Novo chefe da PF no Rio prendeu Temer e ajudou a levar Cabral para a cadeia

Foto: Reprodução

Em 17 anos de Polícia Federal (PF), o delegado Tácio Muzzi já atuou em investigações contra os chefões do jogo do bicho, a banda podre da polícia, políticos e empresários corruptos, mas um dos momentos mais difíceis da carreira aconteceu em 21 de março do ano passado, quando o ex-presidente Michel Temer (MDB) desembarcou na sede da corporação no Rio para cumprir a prisão ordenada pelo juiz Marcelo Bretas, da 7ª Vara Federal Criminal. Sem disfarçar o constrangimento, Muzzi, que estava na chefia interina da unidade, procurou dar uma acolhida digna a um ex-chefe da nação sem abrir mão do dever de encarcerar um preso.

Mineiro, de gestos contidos e fala tranquila, ele acolheu Temer na sala do corregedor local.
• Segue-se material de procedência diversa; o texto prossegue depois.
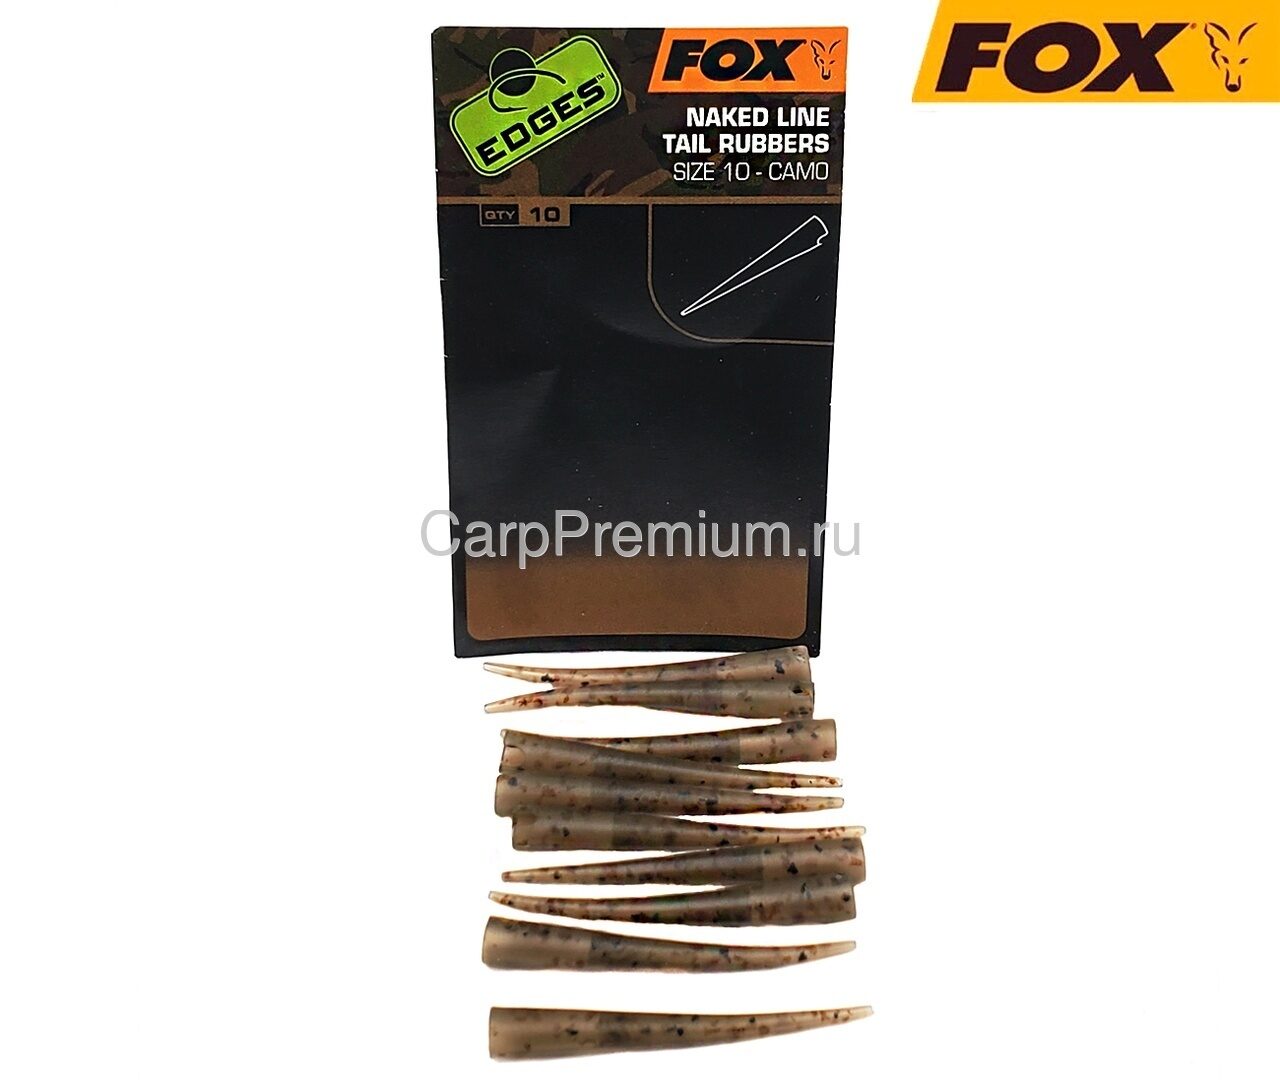 Конуса резиновые для клипсы с прорезью Камуфляжные Fox (Фокс) - Edges Camo Naked Line Tail Rubbers, Размер 10, 10 шт

O ex-presidente ficou isolado em um espaço de 20 metros quadrados, com banheiro privativo e ar-condicionado. Cada providência naquele dia foi bem pensada, bem ao estilo do delegado, para não parecer regalia ou abuso de autoridade contra um preso VIP. Por gestos assim, Muzzi é visto com respeito na área de segurança pública fluminense, onde passou a maior parte da carreira.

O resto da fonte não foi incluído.